PURPOSE: The aim of this article is to discuss the neuronal substrates of sleep oscillations leading to seizures consisting of spike-wave (SW) complexes at 2-4 Hz, mimicking those seen in absence epilepsy, or SW and polyspike-wave (PSW) complexes at 1.5-2.5 Hz, often associated with fast runs at 10-15 Hz, as in the Lennox-Gastaut syndrome. METHODS: Extracellular recordings were done in permanently implanted animals during the natural waking-sleep cycle. Single and dual simultaneous recordings from cortical neurons, cortical and thalamic neurons, or cortical neurons and glial cells were performed in cats under ketamine-xylazine anesthesia.

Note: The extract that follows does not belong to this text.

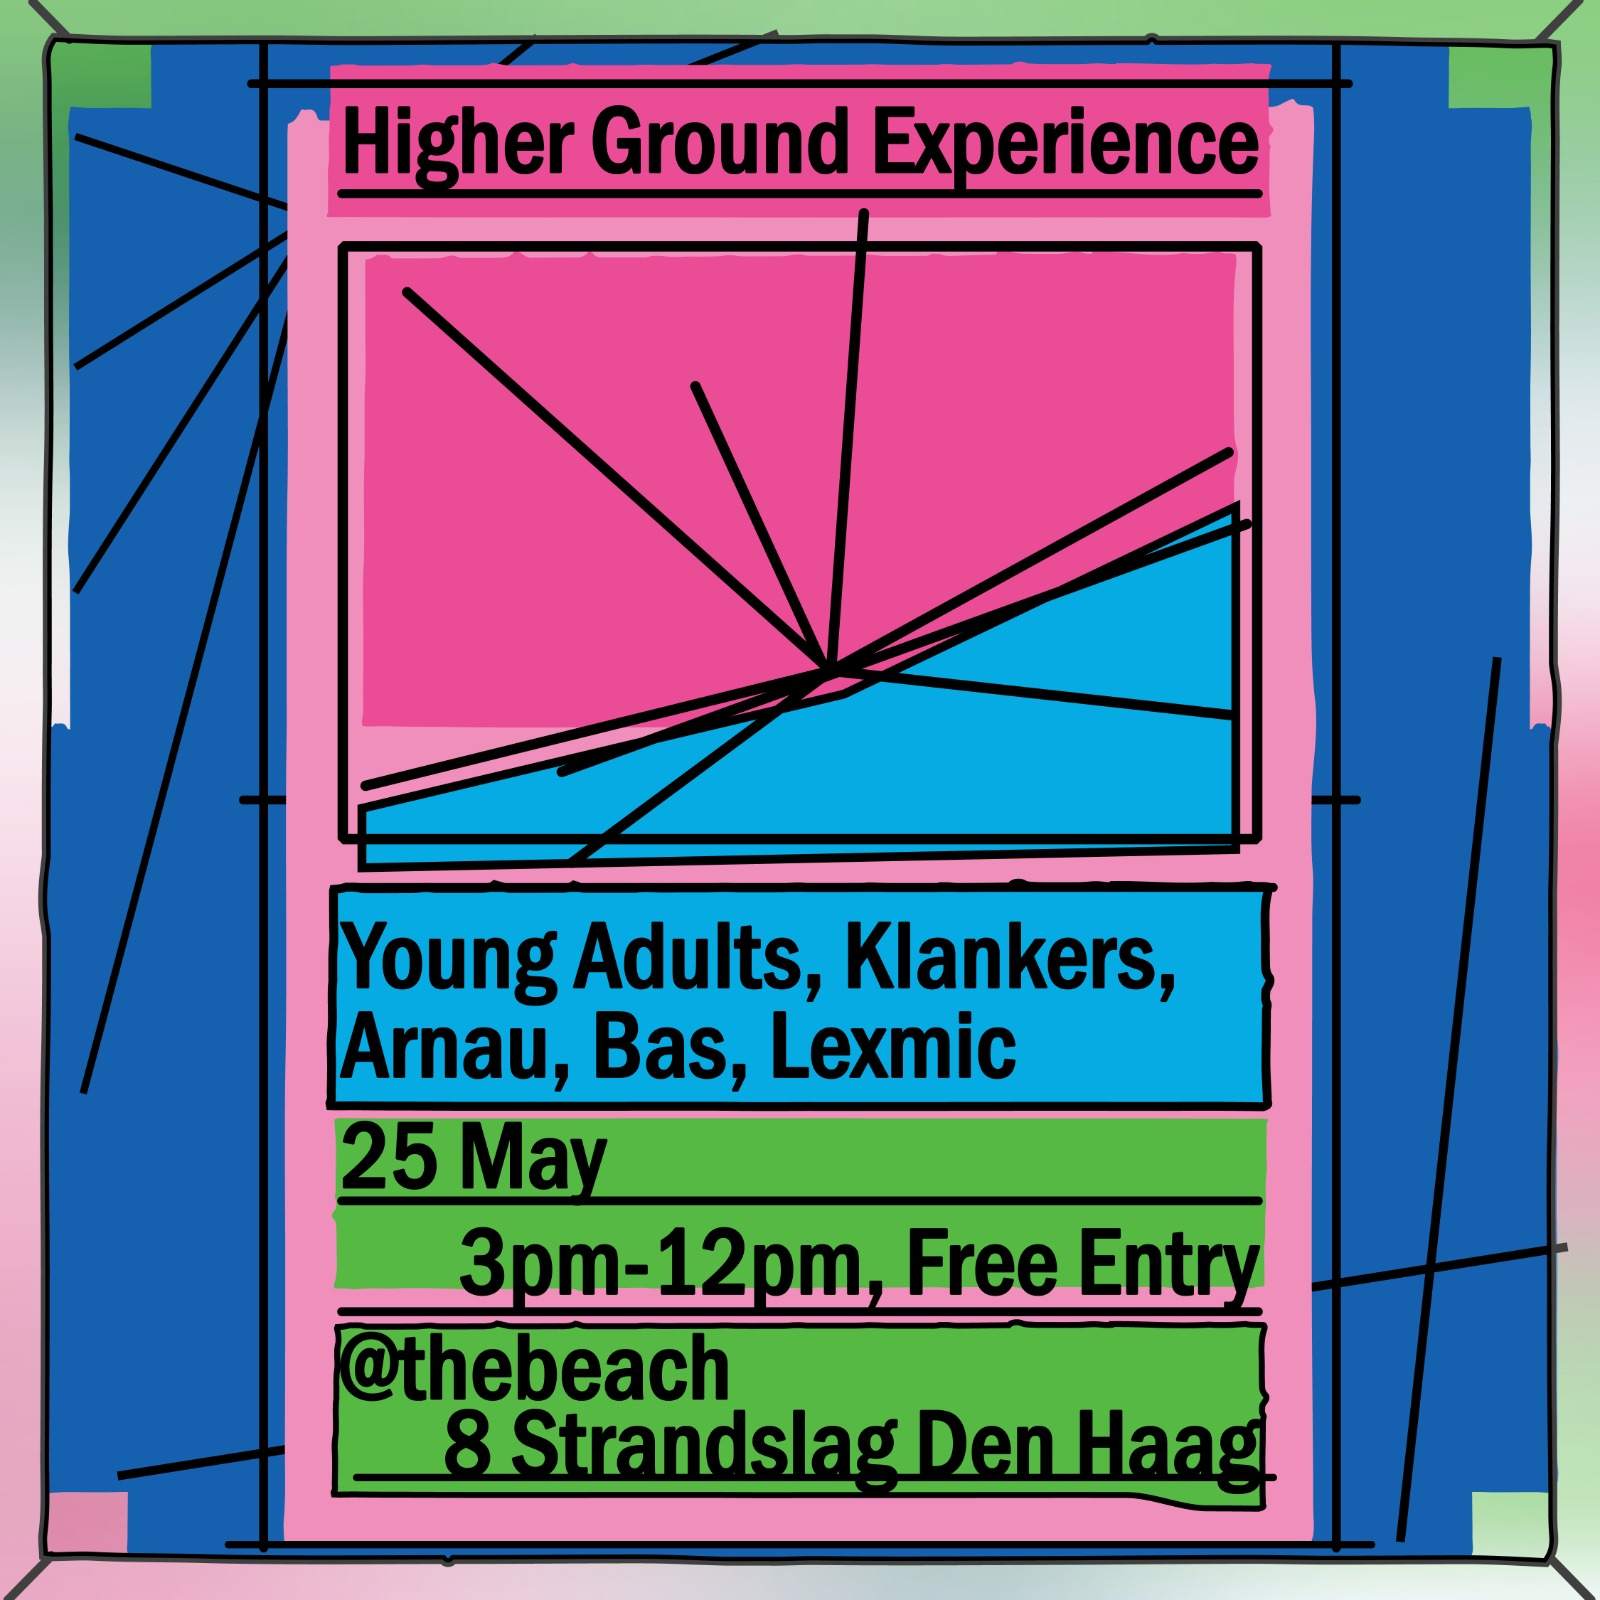 Higher Ground Experience - Free Beach Party - Página frontal

RESULTS: (a) The minimal substrate of SW seizures is the neocortex because such seizures may occur in thalamectomized animals, in which spindles are absent. In intact-brain animals, SW seizures are initiated in neocortex and spread to the thalamus after a few seconds. The majority of thalamocortical (TC) neurons are steadily hyperpolarized throughout the cortical SW seizures. (b) In the Lennox-Gastaut syndrome, the paroxysmal depolarizing shifts (PDSs) associated with the EEG "spike" of SW/PSW complexes contain an important inhibitory component, whereas the hyperpolarization during the EEG "wave" component is not due to gamma-aminobutryic acid (GABA)ergic inhibitory postsynaptic potentials (IPSPs) but is ascribed to a mixture of disfacilitation and K+ currents. As is also the case with seizures consisting of pure SW complexes, the majority of TC neurons are hyperpolarized during the cortical paroxysms and disinhibited after the cessation of cortical seizures. CONCLUSIONS: Seizures with SW complexes and of the Lennox-Gastaut type preferentially evolve from sleep oscillations. They are initiated in neocortex and spread to the thalamus after a few seconds. The majority of TC neurons are inhibited during these seizures.[1]References
- Sleep oscillations developing into seizures in corticothalamic systems. Steriade, M., Amzica, F. Epilepsia (2003) [Pubmed]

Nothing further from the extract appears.